Required action >> Although the data below contains pictures, output only the lines between those holding "Next Jump Outfitters" and "Wooden shoes with", inclusive, exactly and without those pictures.

Data for processing >>
++++++++

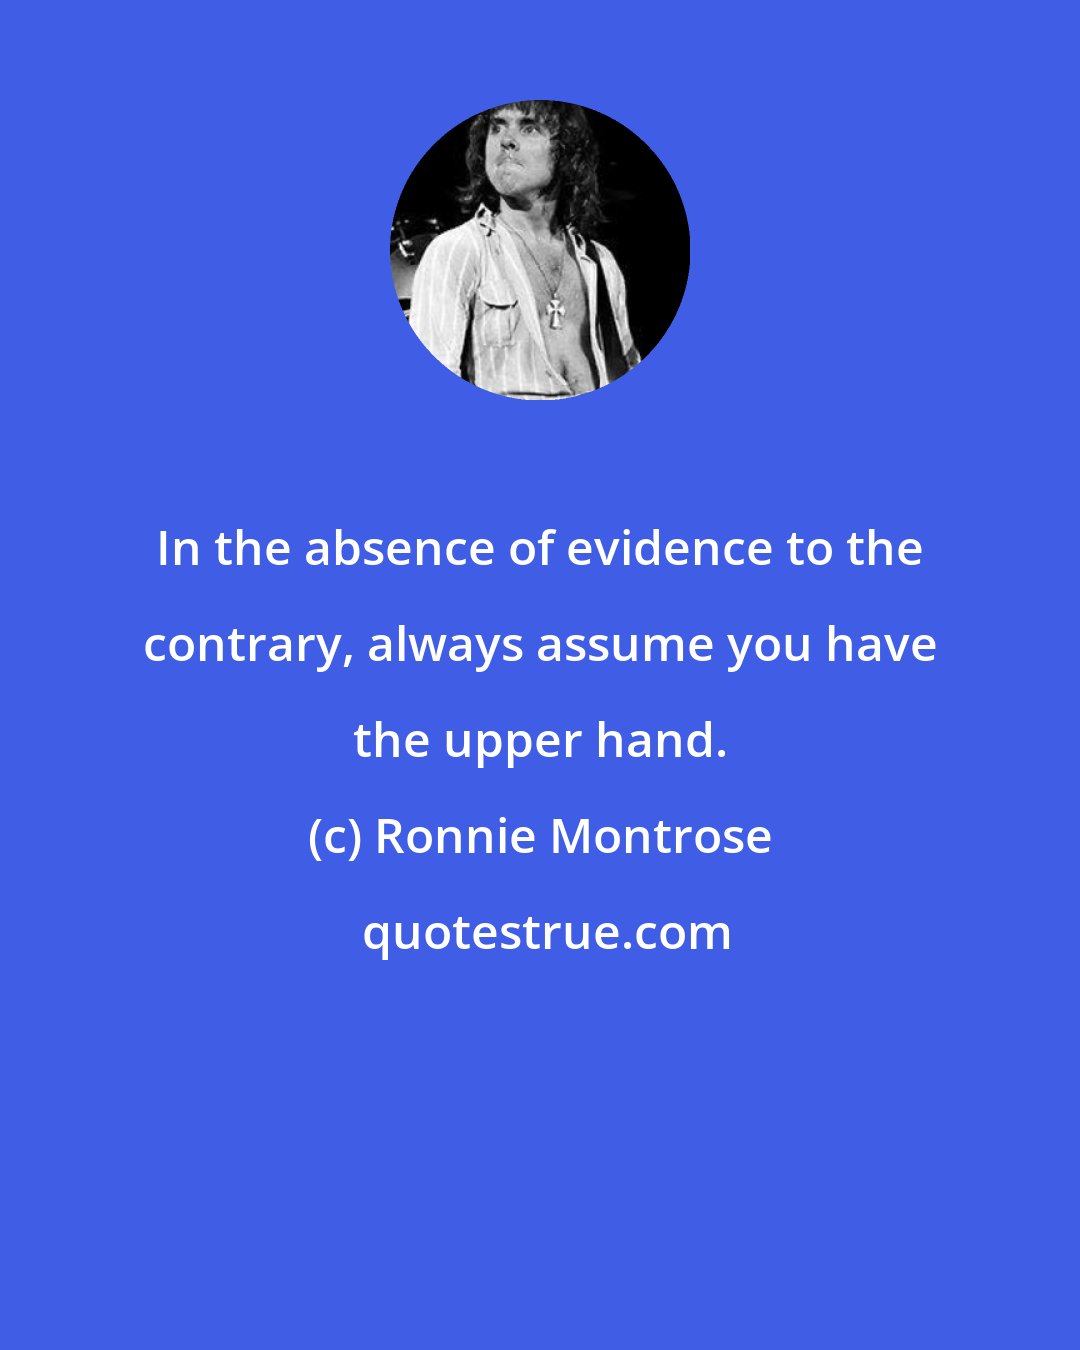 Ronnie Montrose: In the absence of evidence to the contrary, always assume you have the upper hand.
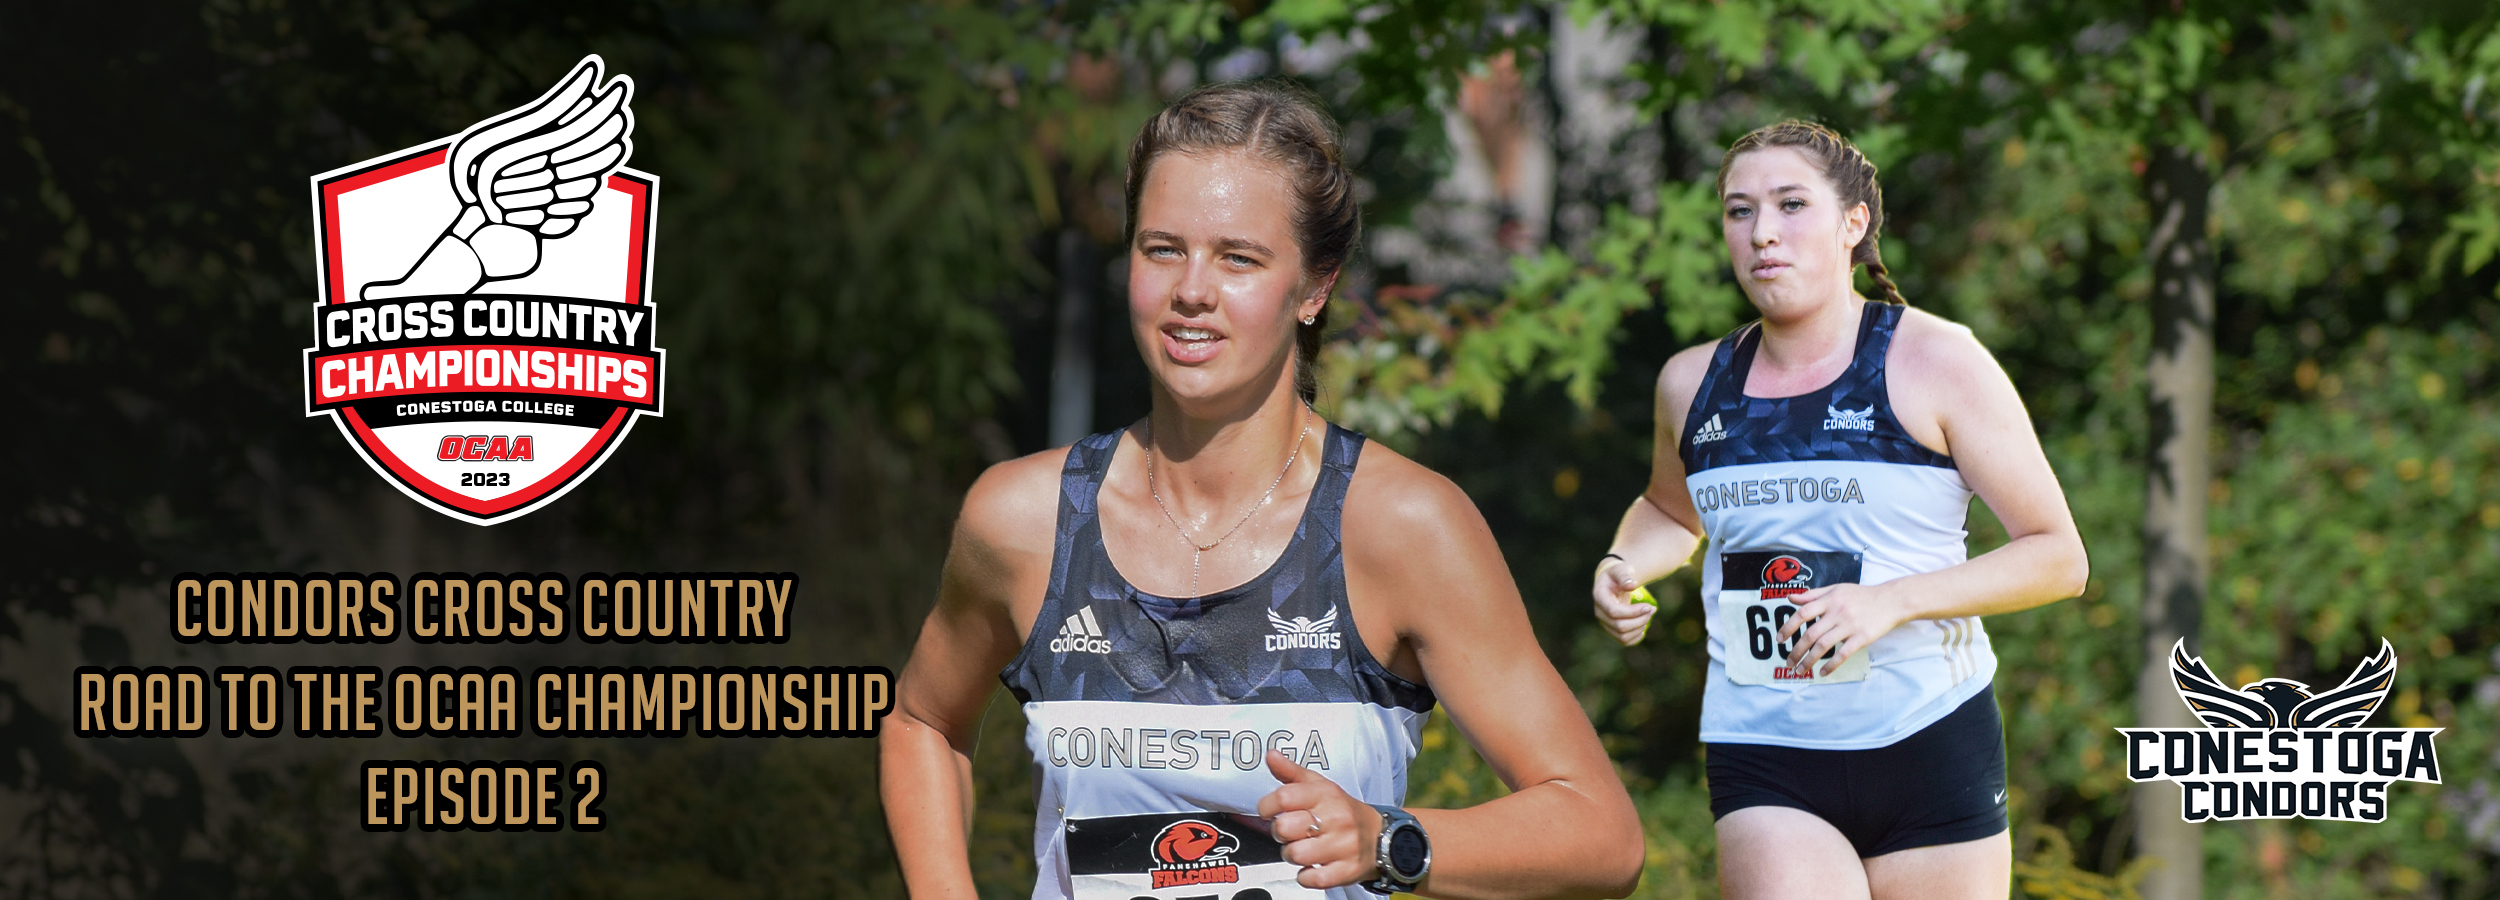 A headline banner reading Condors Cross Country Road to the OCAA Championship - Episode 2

++++++++

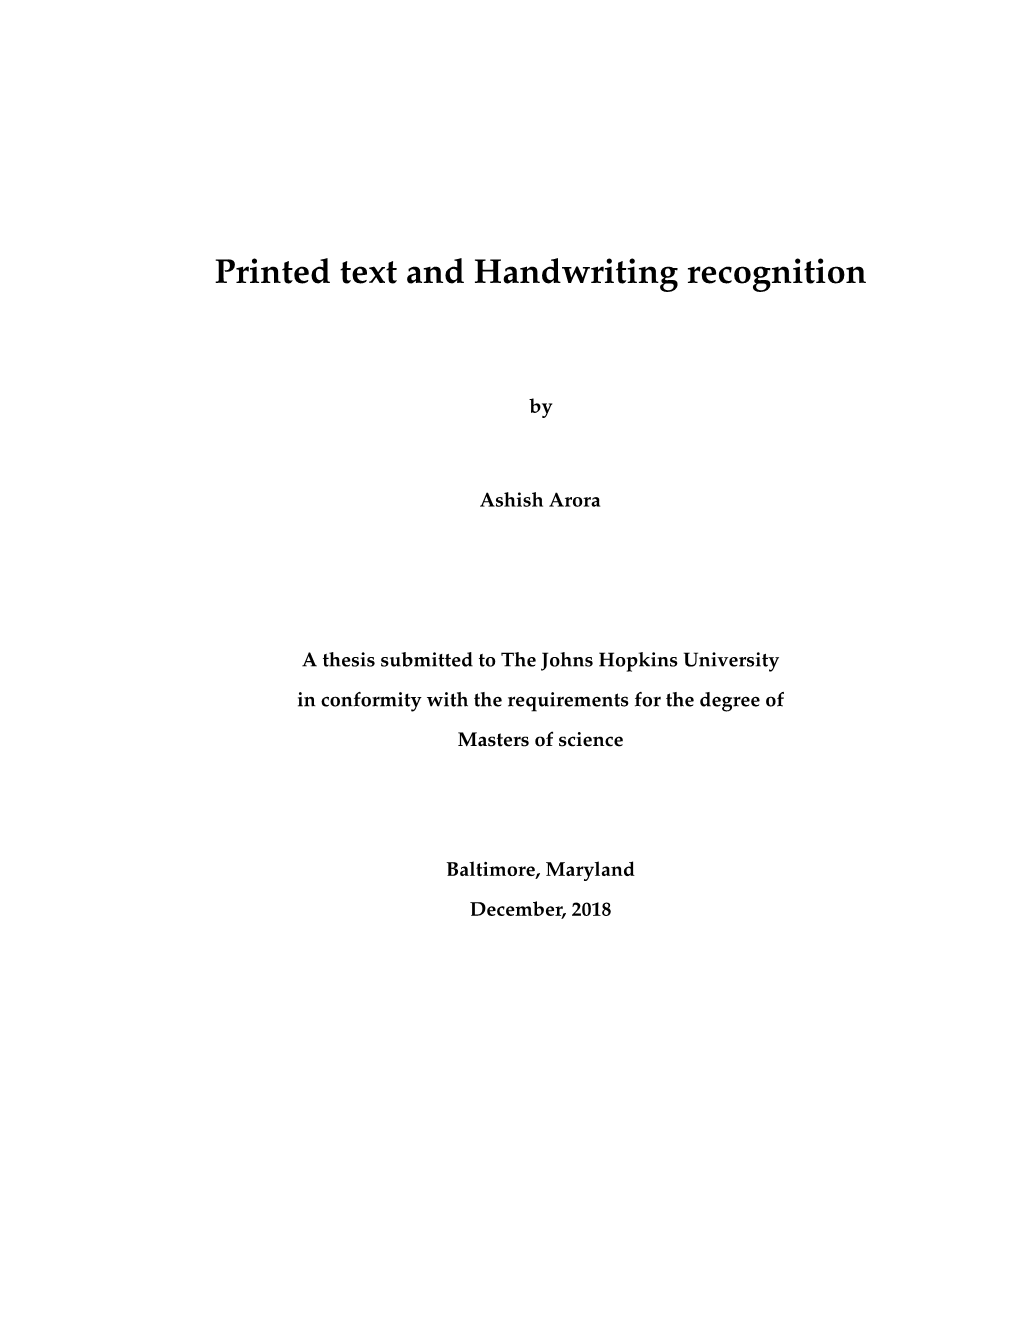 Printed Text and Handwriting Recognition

++++++++

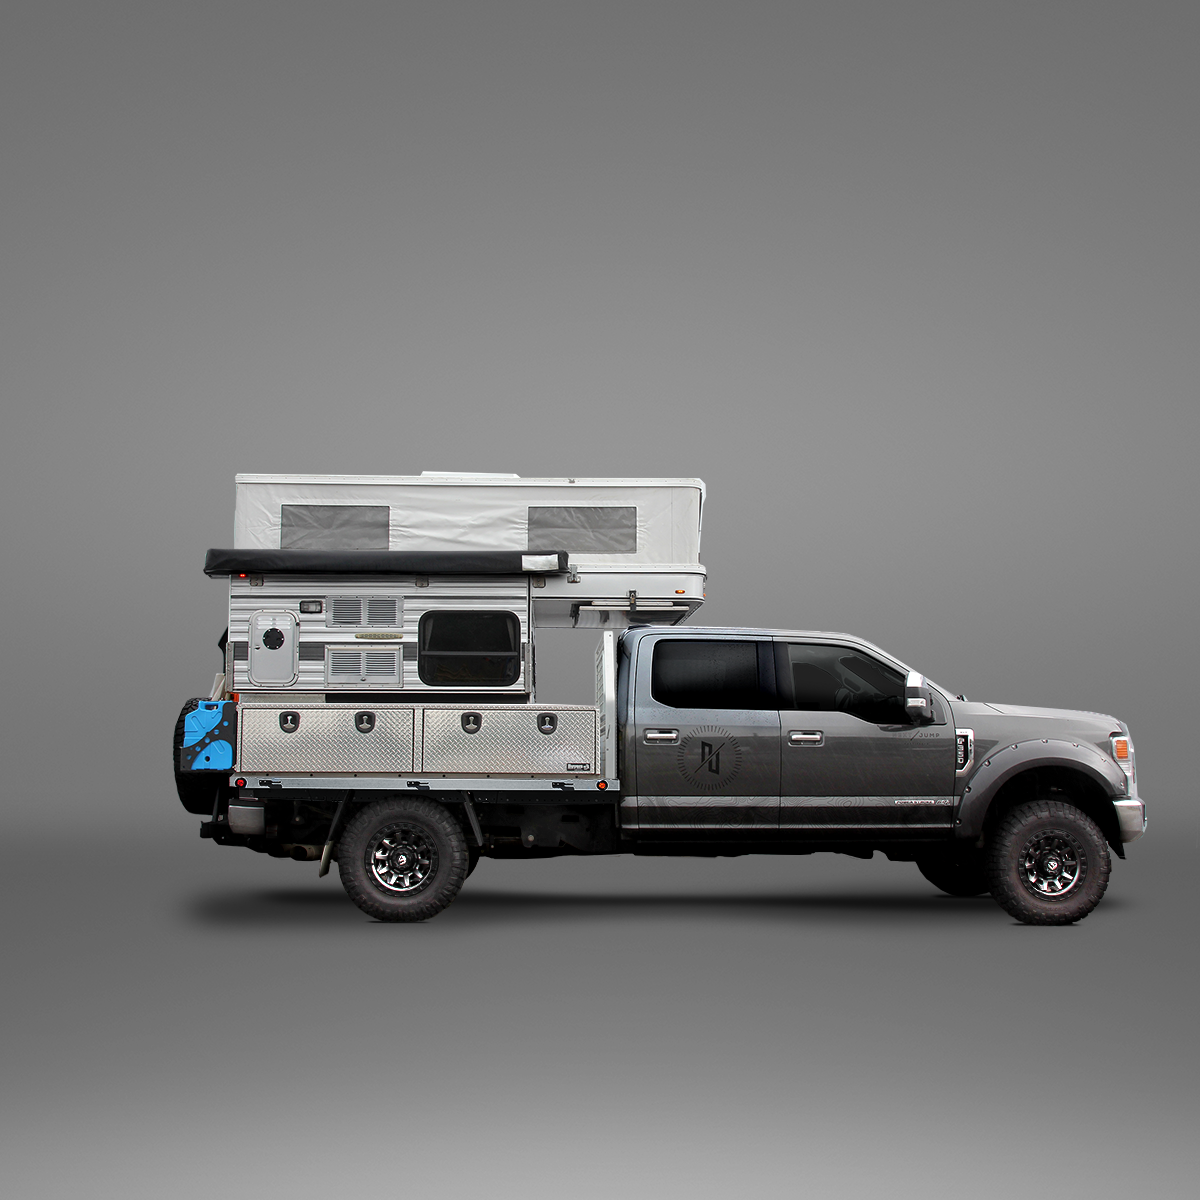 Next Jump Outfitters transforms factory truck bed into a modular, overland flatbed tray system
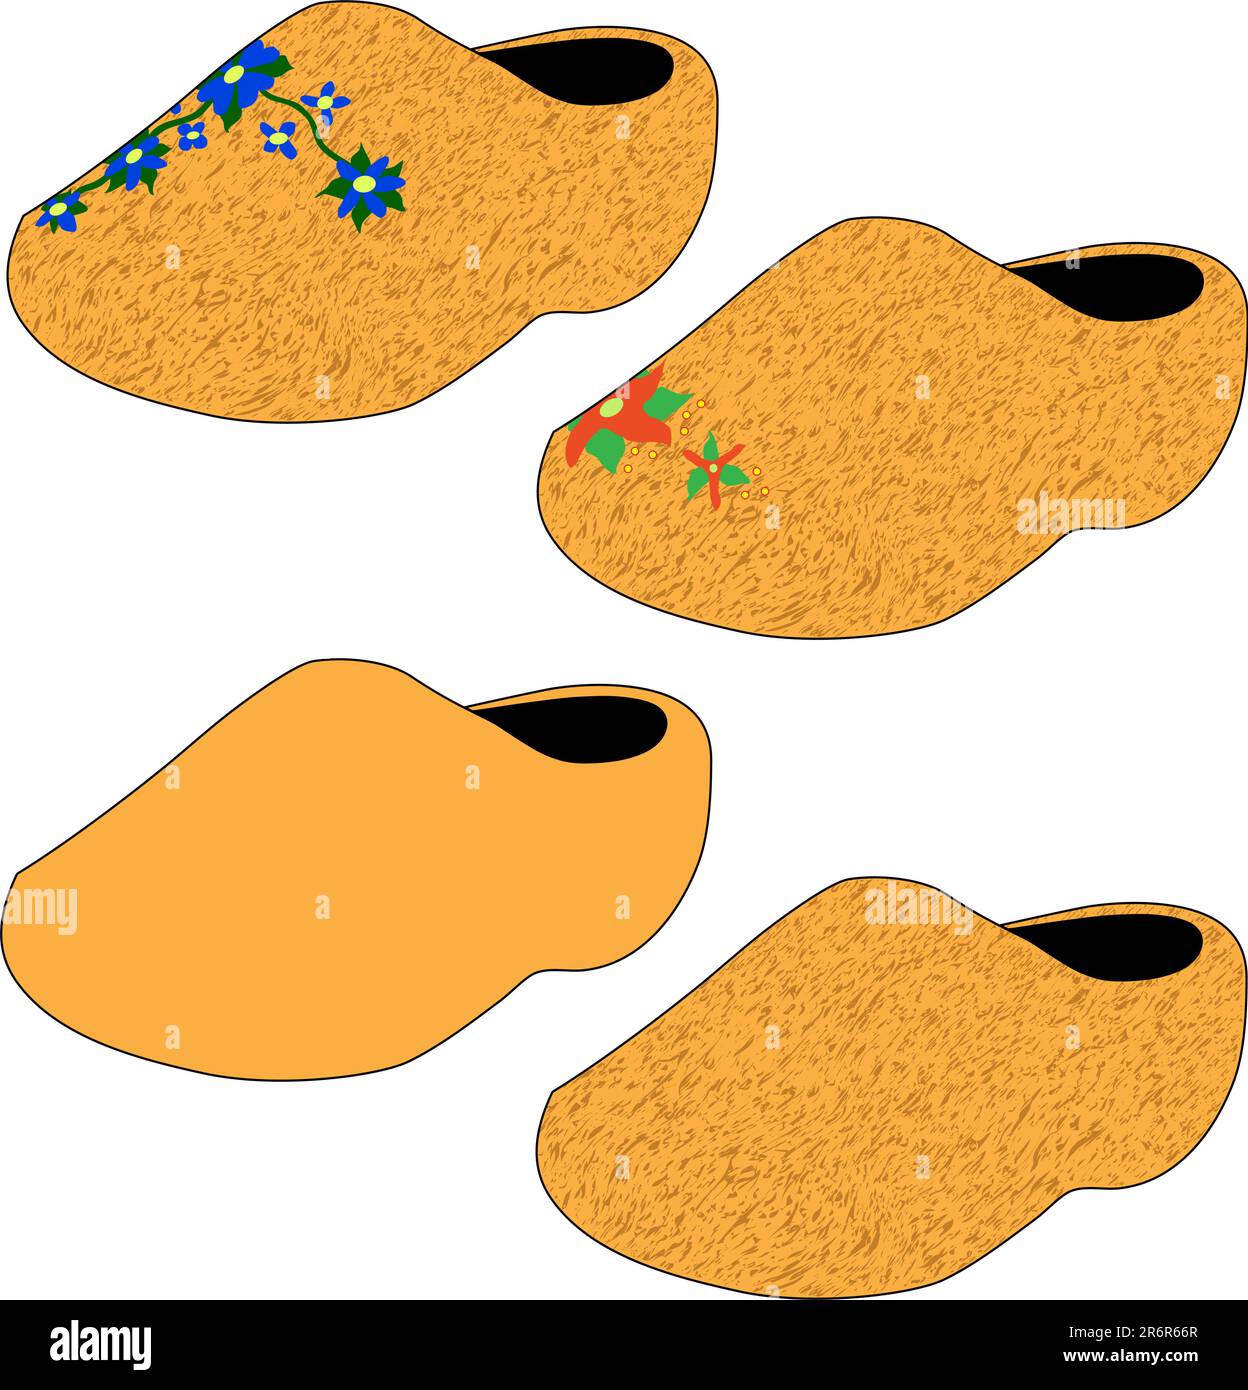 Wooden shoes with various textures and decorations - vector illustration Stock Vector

++++++++

Task answer >>
 Next Jump Outfitters transforms factory truck bed into a modular, overland flatbed tray system
 Wooden shoes with various textures and decorations - vector illustration Stock Vector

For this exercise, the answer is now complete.